Table of Contents
Sosyal izolasyon ve yalnızlık, birçok bireyin yaşamları boyunca deneyimledikleri bir durumdur. Yaşlılar gibi bazı popülasyonlar üzerinde orantısız bir etkiye sahip olan sosyal izolasyonun çeşitli türleri, nedenleri ve etkileri vardır. Hedeflenen müdahaleler ve stratejiler kullanılarak bireyler yalnızlık ve sosyal izolasyonla mücadele edebilir.
Sosyal İzolasyonun Tanımı
Sosyal izolasyon, bireylerin diğer bireylerle ve toplumla tam veya neredeyse tam bir iletişim ve temas eksikliği yaşamasıdır. Yalnızlıktan, başkalarıyla geçici veya istemsiz bir bağlantı eksikliğinden kaynaklanır.
Sosyal bağlantı, refah ve hayatta kalmak için temel bir insan ihtiyacıdır. Bununla birlikte, bireyler yaşlandıkça, genellikle kendilerini daha fazla yalnız zaman geçirirken bulurlar, bu da izolasyon ve yalnızlık duygularını artırır. Buna ek olarak, sosyal bağlantı eksikliği, sosyal izolasyon yaşayan bireyler için fiziksel ve zihinsel sağlık risklerini artırmaktadır.
Bazı araştırmacılar, sosyal izolasyonun ortak bir insan deneyimi olup olmadığını ya da bazı insanların diğerlerine kıyasla daha fazla yalnızlık duygusuna sahip olup olmadığını sorgulamaktadır. Ancak buna rağmen, bireylerin önemli bir kısmı izolasyon yaşamaktadır.

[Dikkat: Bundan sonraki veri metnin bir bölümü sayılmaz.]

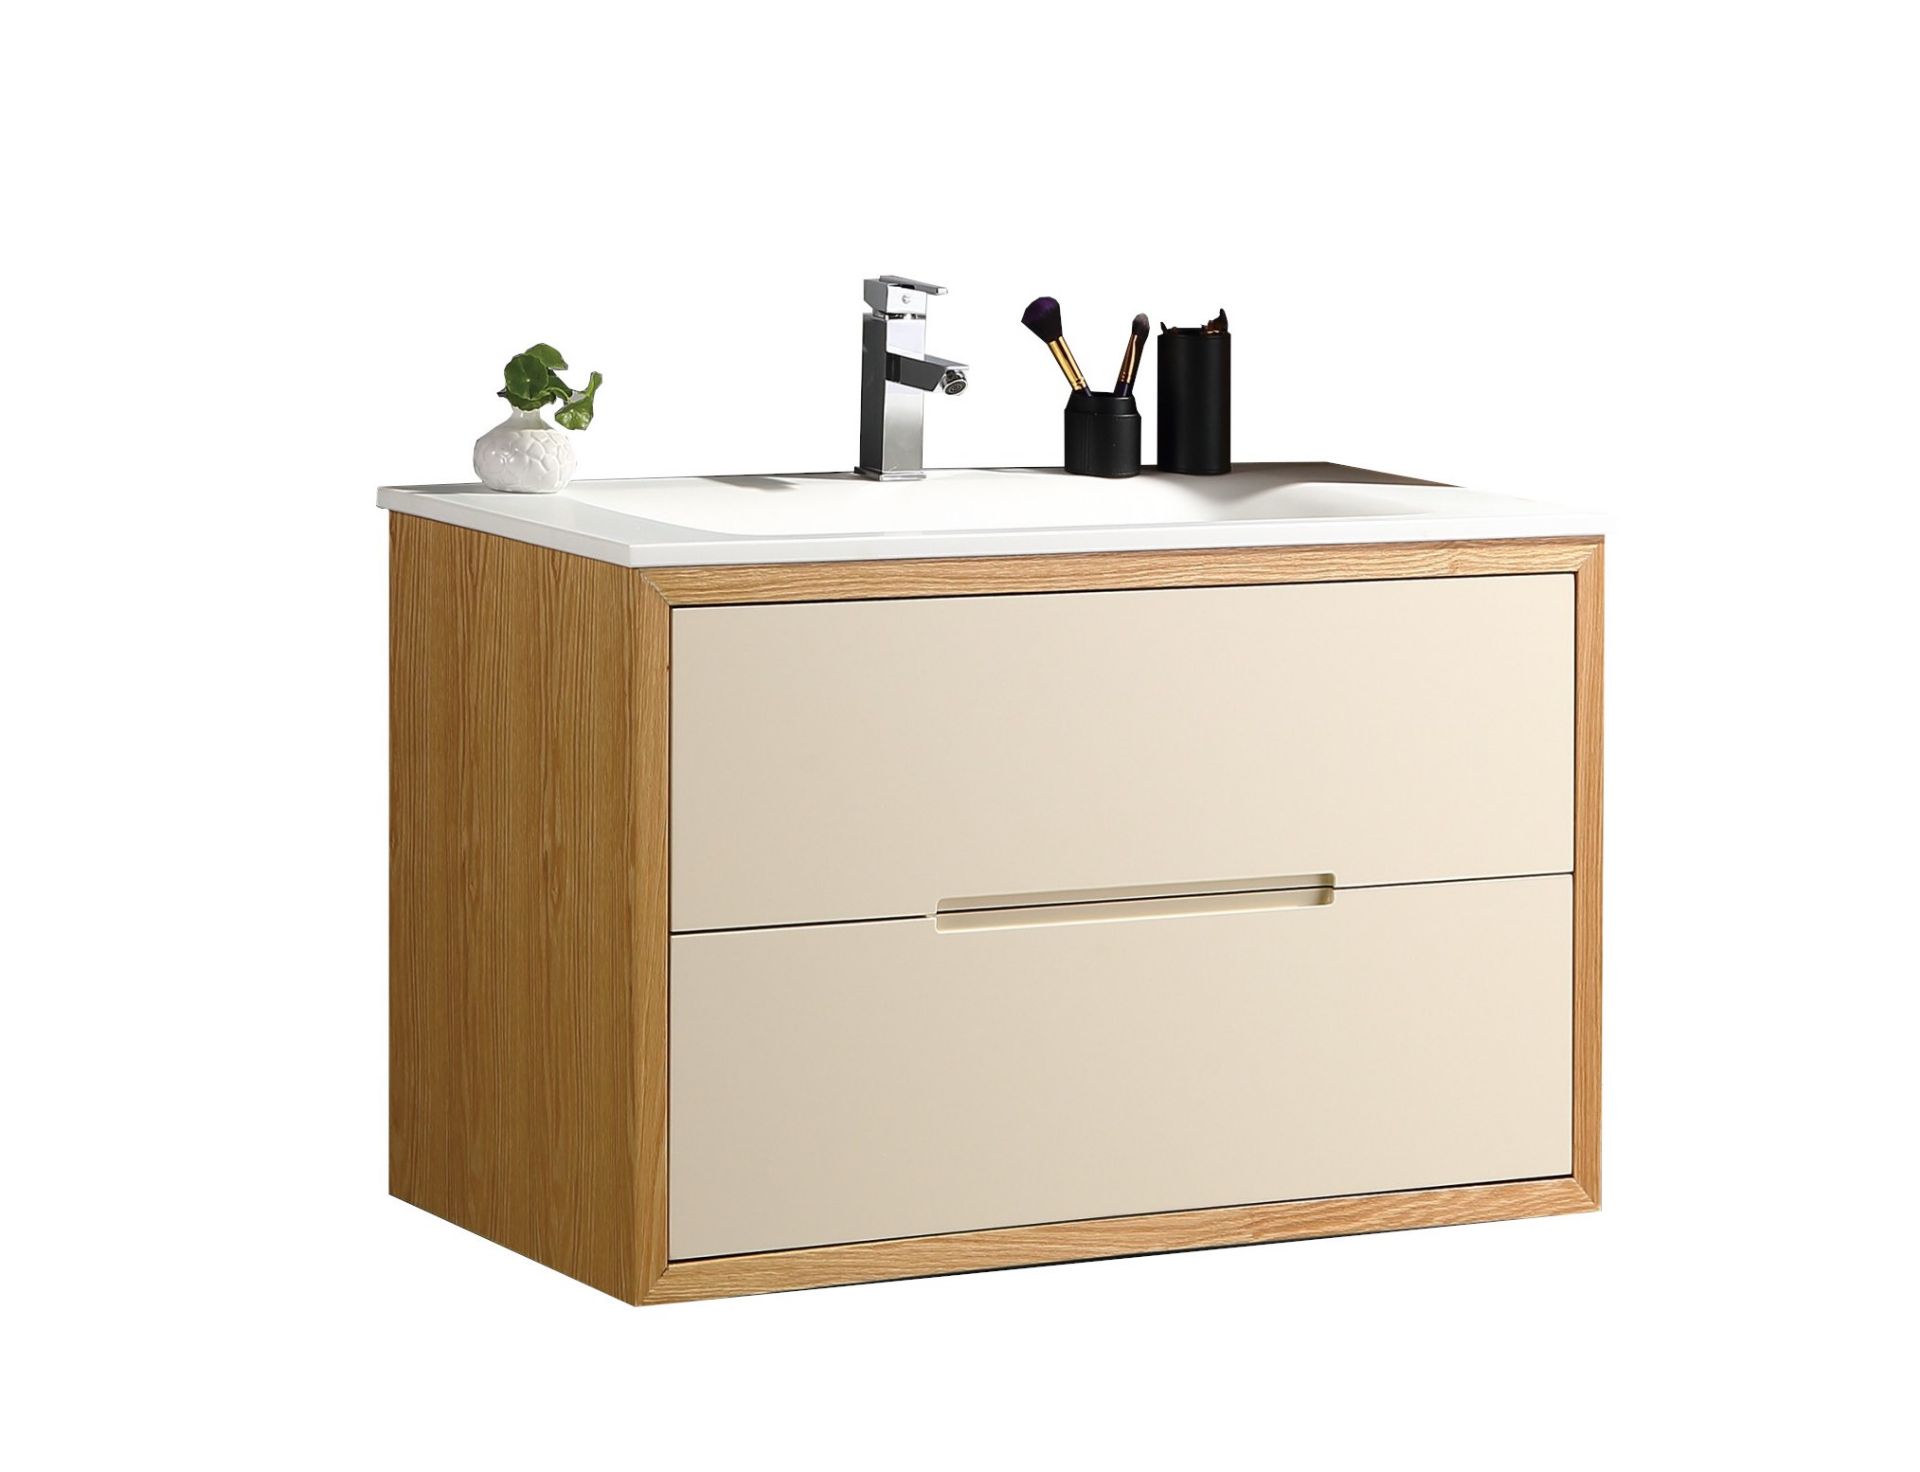 Complete Vanity Unit Set in Beige with fixtures and fittings RRP £799.99 *NO VAT* - Image 3 of 5
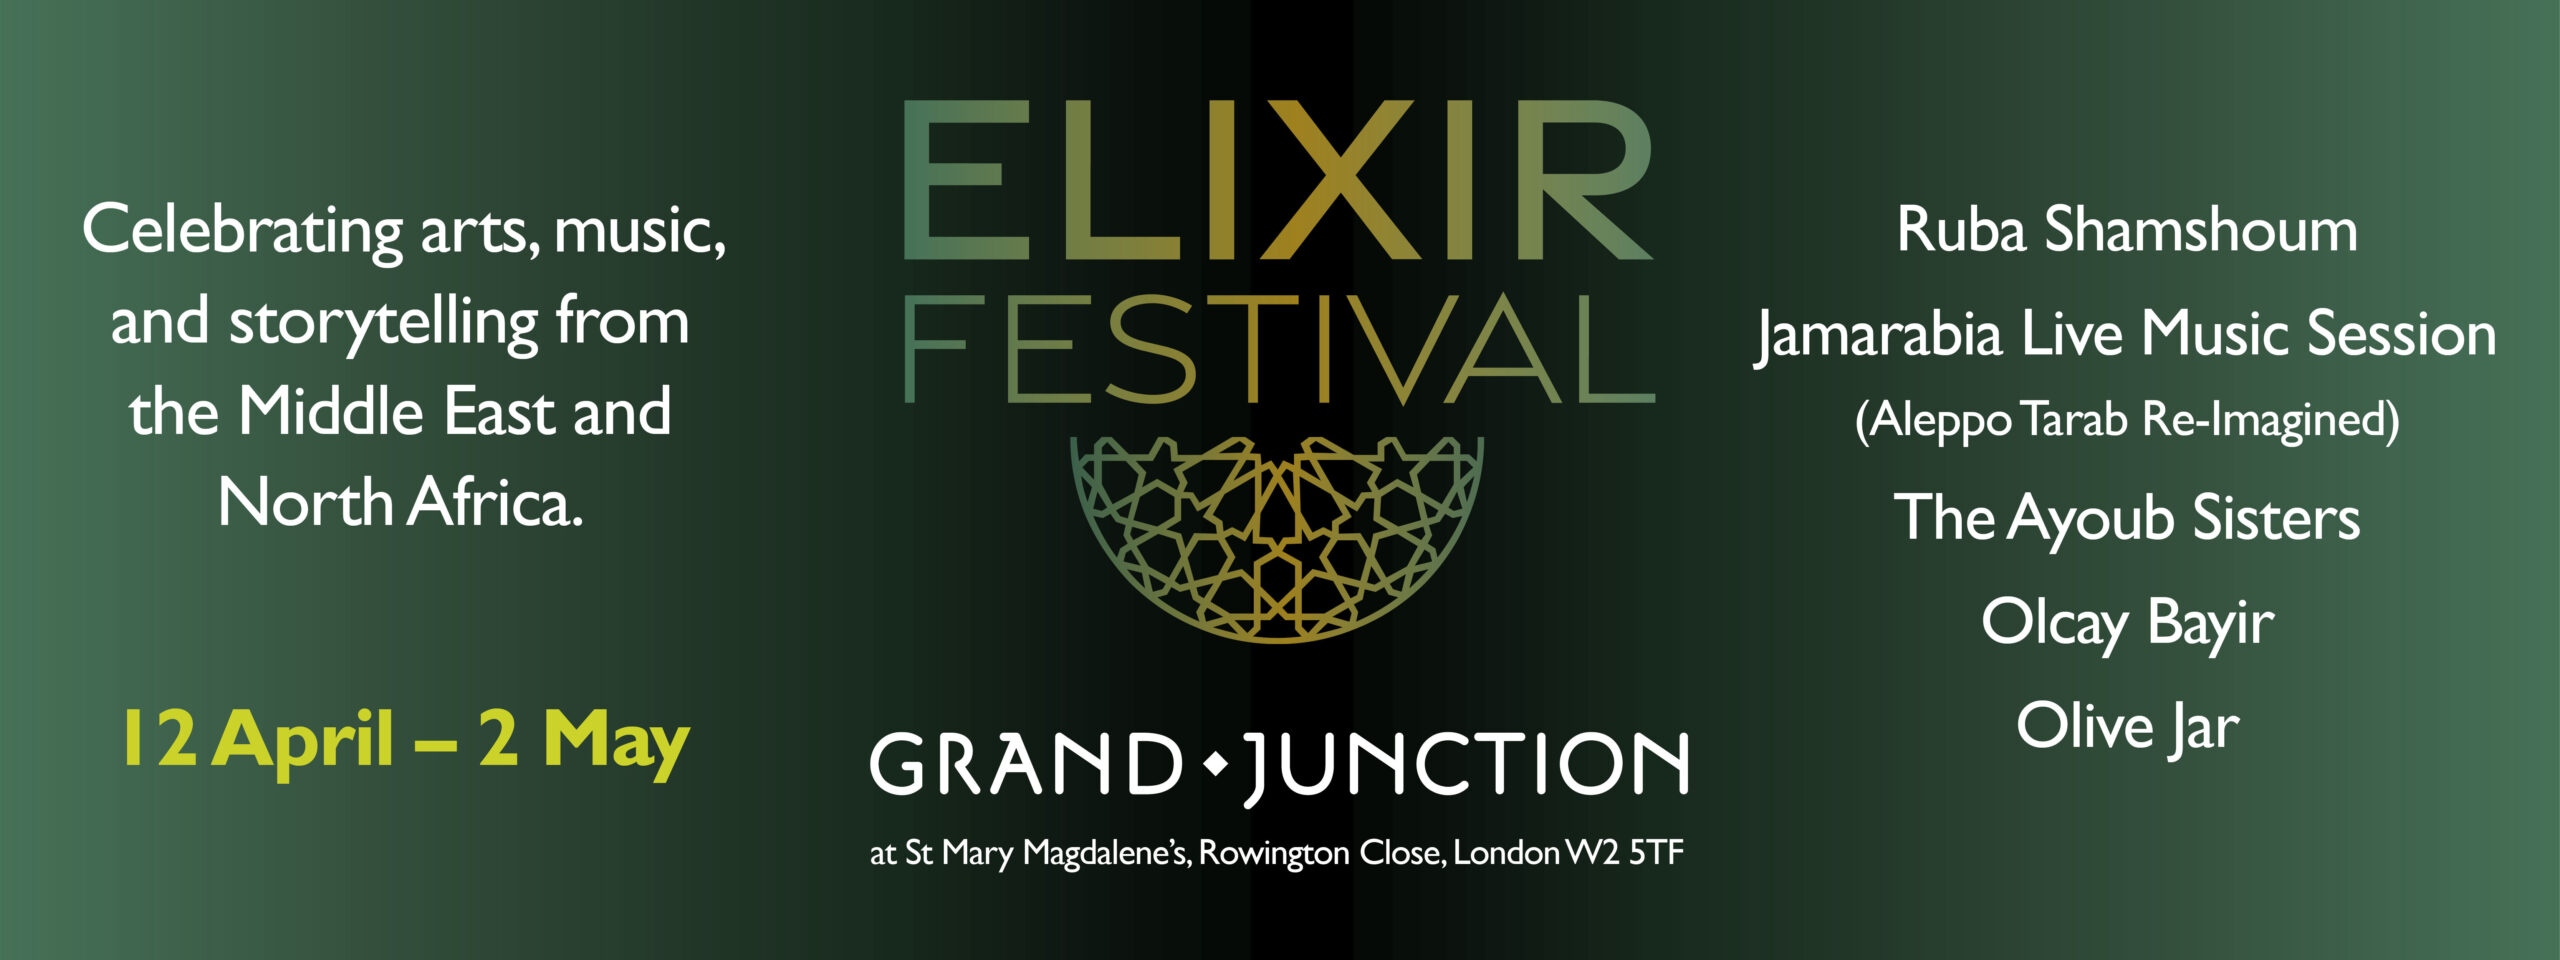 Elixir Festival logo on a green background with information about the festival at Grand Junction. Left side text: Celebrating arts, music, and storytelling from Middle East and North Africa. 12 April - 2 May. Right side text: artists performing, Ruba Shamshoum, Aleppo Tarab; Re-imagined, The Ayoub Sisters, Olcay Bayir, Olive Jar and Young Shubbak

Bazı sosyal izolasyon türleri arasında uzun süre evde kalmak, arkadaşlarla, aileyle veya iş arkadaşlarıyla iletişim eksikliği ve sosyalleşme veya iletişim kurma fırsatlarına rağmen başkalarıyla temastan kasıtlı olarak kaçınmak yer alır.
İzolasyon tipik olarak olumsuz benlik saygısı, yalnızlık ve başkalarından korkma ile sonuçlanabilen sağlıksız ve istenmeyen yalnızlık anlamına gelir. Duygusal ve psikolojik zorlukların potansiyel bir belirtisi veya nedeni olabilir. Sosyal izolasyon, her yaş grubu için değişen semptomlarla birlikte, her yaştan birey için ruh sağlığı riskleri taşıyabilir.
Yalnızlık ve Sosyal İzolasyon Arasındaki Farklar
Yalnızlık ve sosyal izolasyon farklı olsalar da bazı yönlerden birbirleriyle bağlantılıdırlar. Yalnızlık, ayrılmış veya yalnız olmanın öznel hissidir. Buna karşılık sosyal izolasyon, insanlarla düzenli olarak sınırlı temas veya az sayıda etkileşimde bulunmaktır. Bireyler tek başlarına çok fazla zaman geçirip sosyal olarak izole veya yalnız hissetmeyebilir ve etrafları insanlarla çevrili olmasına rağmen kendilerini yalnız hissedebilirler.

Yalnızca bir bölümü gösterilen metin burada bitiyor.